Approximation algorithms for clustering problems

Abstract

In this thesis, we present some approximation algorithms for the following clustering problems: Minimum Sum of Radii (MSR), Minimum Sum of Diameters (MSD), and Unsplittable Capacitated Facility Location (UCFL). Given a metric (V,d) and an integer k, we consider the problem of partitioning the points of V into k clusters so as to minimize the sum of radii (MSR) or the sum of diameters (MSD) of these clusters. We call a cluster containing a single point, a singleton cluster. For the MSR problem when singleton clusters are not allowed, we give an exact algorithm for metrics induced by unweighted graphs. For the MSD problem on the plane with Euclidean distances, we present a polynomial time approximation scheme. In addition, we settle the open problem of complexity of the MSD problem with constant k by giving a polynomial time exact algorithm in this case. In the (uniform) UCFL problem, we are given a set of clients and a set of facilities where client j has demand dj, each facility i has capacity u and opening cost fi, and a metric cost cij which denotes the cost of serving one unit of demand of client j at facility i.

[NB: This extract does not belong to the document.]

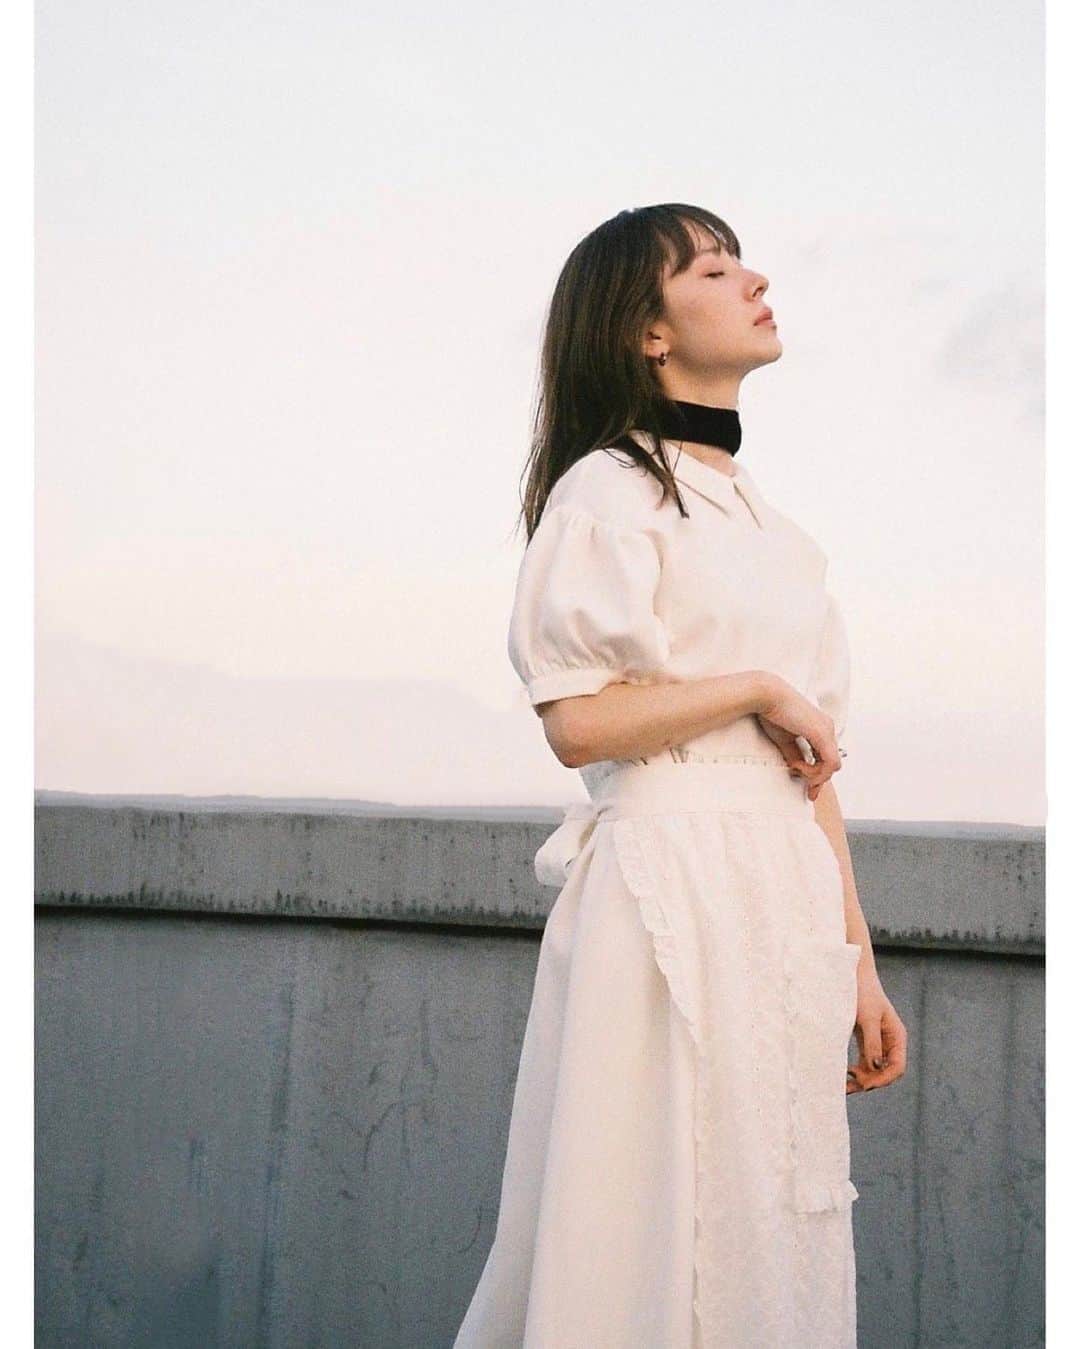 merry jennyさんのインスタグラム写真 - (merry jennyInstagram)「【　information　】 ㅤㅤㅤㅤㅤㅤㅤㅤㅤㅤㅤㅤㅤ 8/29 (sat) ルミネ池袋店 OPEN ! = shop twitter & LINE start = ㅤㅤㅤㅤㅤㅤㅤㅤㅤㅤㅤㅤㅤ ご来店お待ちしております♡ ㅤㅤㅤㅤㅤㅤㅤㅤㅤㅤㅤㅤㅤ limited 8.29-31 ● 人気 item special price ● shop LINE友達追加 ￥1,000 OFF ticket present ! ㅤㅤㅤㅤㅤㅤㅤㅤㅤㅤㅤㅤㅤ limited item ◌ spangle apron one-piece ◌ クロシェウッドハンドBAG (purple) ㅤㅤㅤㅤㅤㅤㅤㅤㅤㅤㅤㅤㅤ novelty over ￥18,700 (tax in)  floral tiered pochette ㅤㅤㅤㅤㅤㅤㅤㅤㅤㅤㅤㅤㅤ ㅤㅤㅤㅤㅤㅤㅤㅤㅤㅤㅤㅤㅤ merry jenny ルミネ池袋店 4Fㅤㅤㅤㅤㅤㅤㅤㅤㅤ 東京都豊島区西池袋1-11-1 ㅤㅤㅤㅤㅤㅤㅤㅤㅤㅤㅤㅤㅤ ㅤㅤㅤㅤㅤㅤㅤㅤㅤㅤㅤㅤㅤ #merryjenny #メリージェニー #2020aw #autumn #surrealism」8月22日 11時44分 - merryjenny_instagram

The goal is to open a subset of facilities and assign each client to exactly one open facility so that the total amount of demand assigned to each open facility is no more than u, while minimizing the total cost of opening facilities and serving clients. As it is NP-hard to give a solution without violating the capacities, we consider bicriteria (α,β)-approximation algorithms, where these algorithms return a solution whose cost is within factor α of the optimum and violates the capacity constraints within factor β. We present the first constant approximations with violation factor less than 2. In addition, we present a quasipolynomial time (1 + e; 1 + e)-approximation for the (uniform) UCFLP in Euclidean metrics, for any constant e > 0.